Monday, September 18, 2006
Redefining torture... to allow cattle prods.
Trying to end a protest by dissident Senate Republicans, the White House says it's confident it can reach a compromise on proposed rules for interrogating terror suspects.I'm an opponent of allowing these techniques, and I hereby declare (and am proud to say that I must be amongst the 1st to observe) that what we are talking about here does not "verge" on torture. To use electric shocks on a prisoner, and to make them think that they will drown to death defines the word torture. If mock executions are outlawed how does waterboarding not fit that description precisely.
But neither side is saying how an agreement can be achieved on whether to allow highly controversial methods by the CIA, such as electric shock, forced nakedness and waterboarding, in which a subject is made to think he is drowning. The Bush administration says those techniques have foiled terror plots. Opponents say they verge on torture.
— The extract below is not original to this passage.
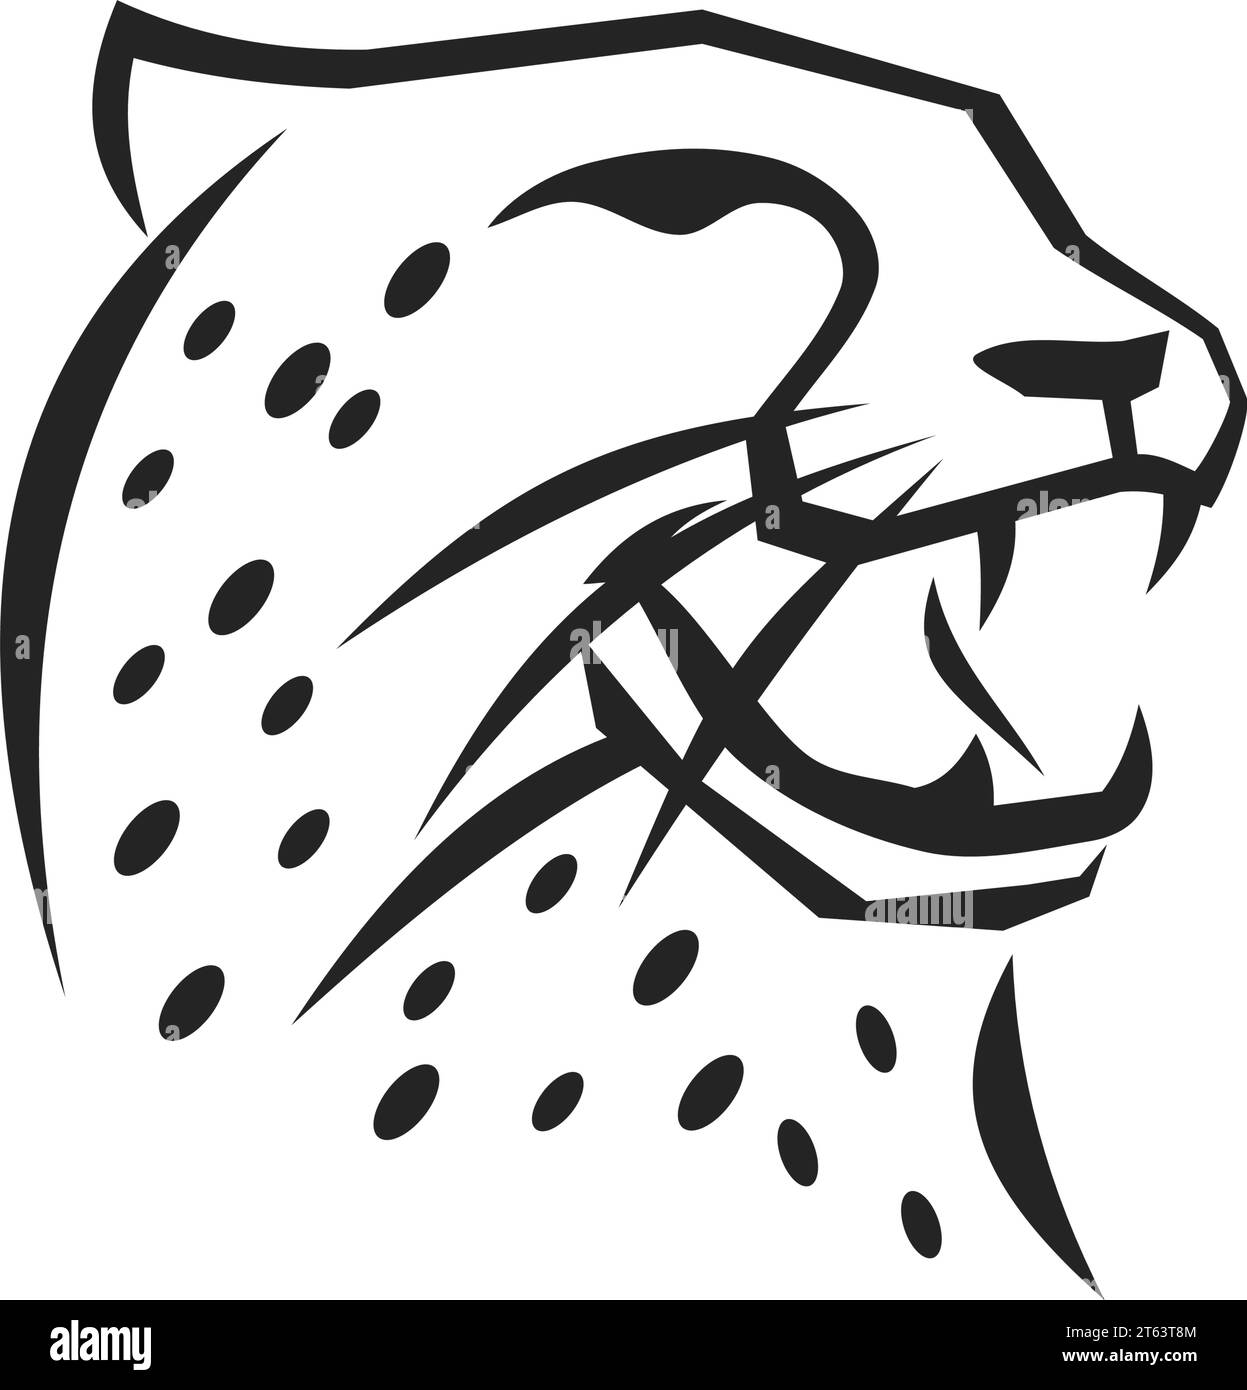 simple modern face cheetah logo symbol icon vector graphic design

The article three of the convention forbids "humiliating and degrading treatment" and "outrages upon personal dignity". How in the twisted world of this horrible administration can we define using waterboarding, forced nakedness, stress positions (brings to mind the image of our Vietnam POW's kneeling on the floor with their arms hooked behind them by a bamboo rod across the back) and electrocution as not being degrading or humiliating. Of course each of those techniques is an outrage. This administration must not be allowed to use their Orwellian techniques to redefine torture.
Any American who thinks these techniques are proper in the pursuit of gaining intelligence ought to consider the specter of an American POW being electrocuted or forced into stress positions, naked, by a country who has signed the convention. We are now in the process of giving away one of the major protections afforded our service members in time of war, and the administration is trying to make this into a campaign issue! How twisted is that?